COLLECTED MATERIAL »
──────────────────────────────

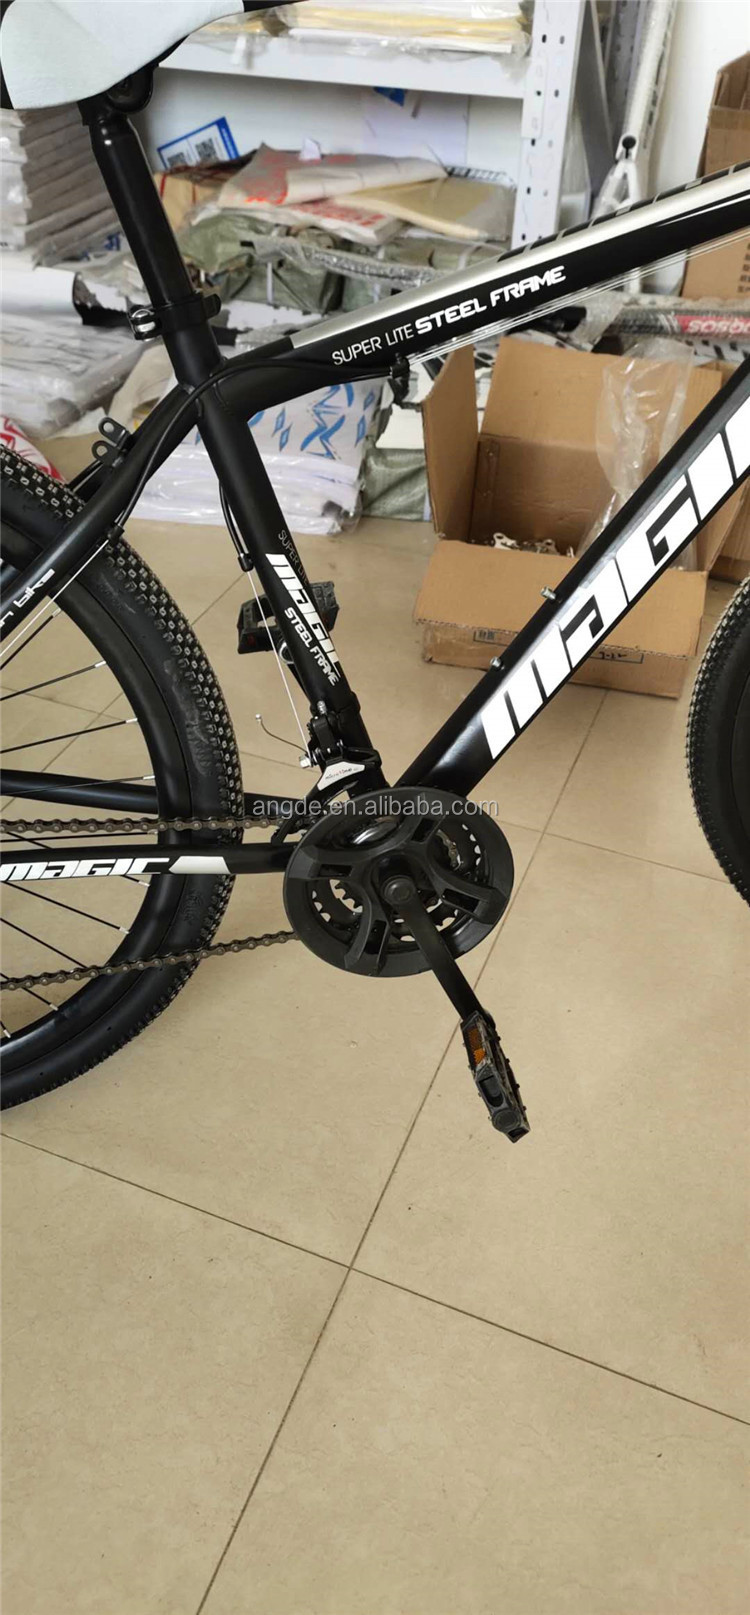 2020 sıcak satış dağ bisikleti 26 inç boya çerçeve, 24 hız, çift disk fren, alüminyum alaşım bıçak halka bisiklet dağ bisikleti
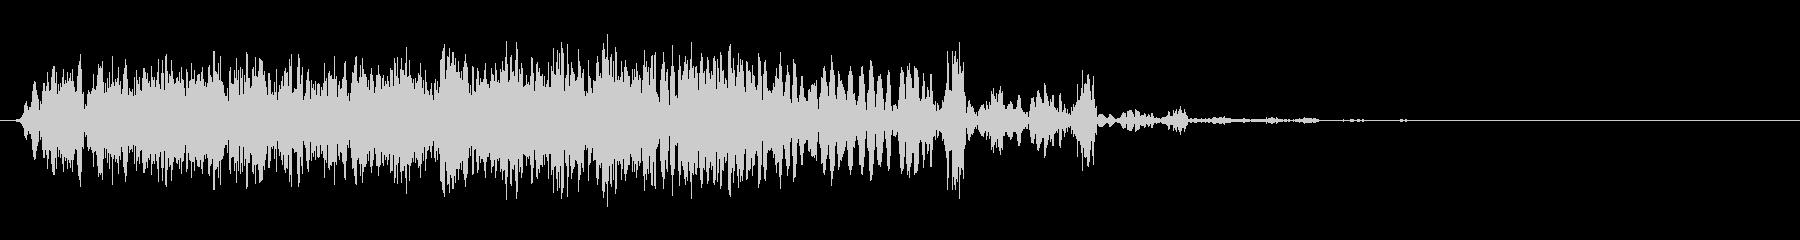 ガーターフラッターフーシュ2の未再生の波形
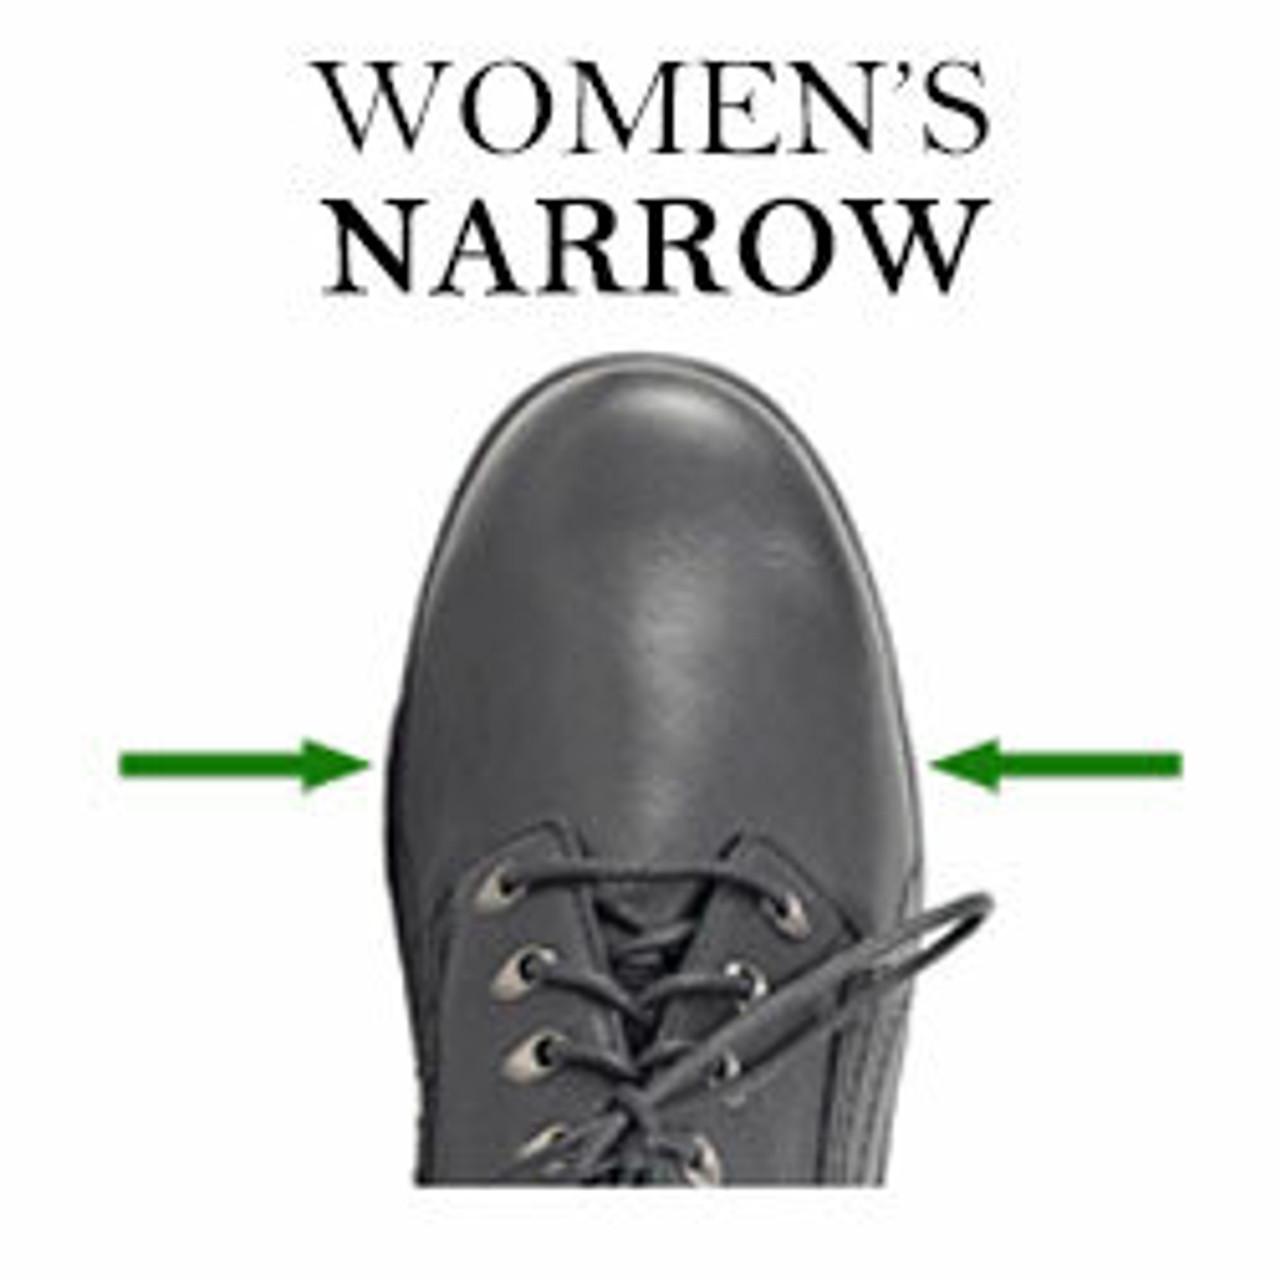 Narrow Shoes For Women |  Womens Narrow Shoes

──────────────────────────────

TASK STATEMENT » With the pictures left out, output exactly the lines that begin at the line containing "ガーターフラッターフーシュ2の未再生の波形" and end at the last line of the material.

EXERCISE SOLUTION »
 ガーターフラッターフーシュ2の未再生の波形
 Narrow Shoes For Women |  Womens Narrow Shoes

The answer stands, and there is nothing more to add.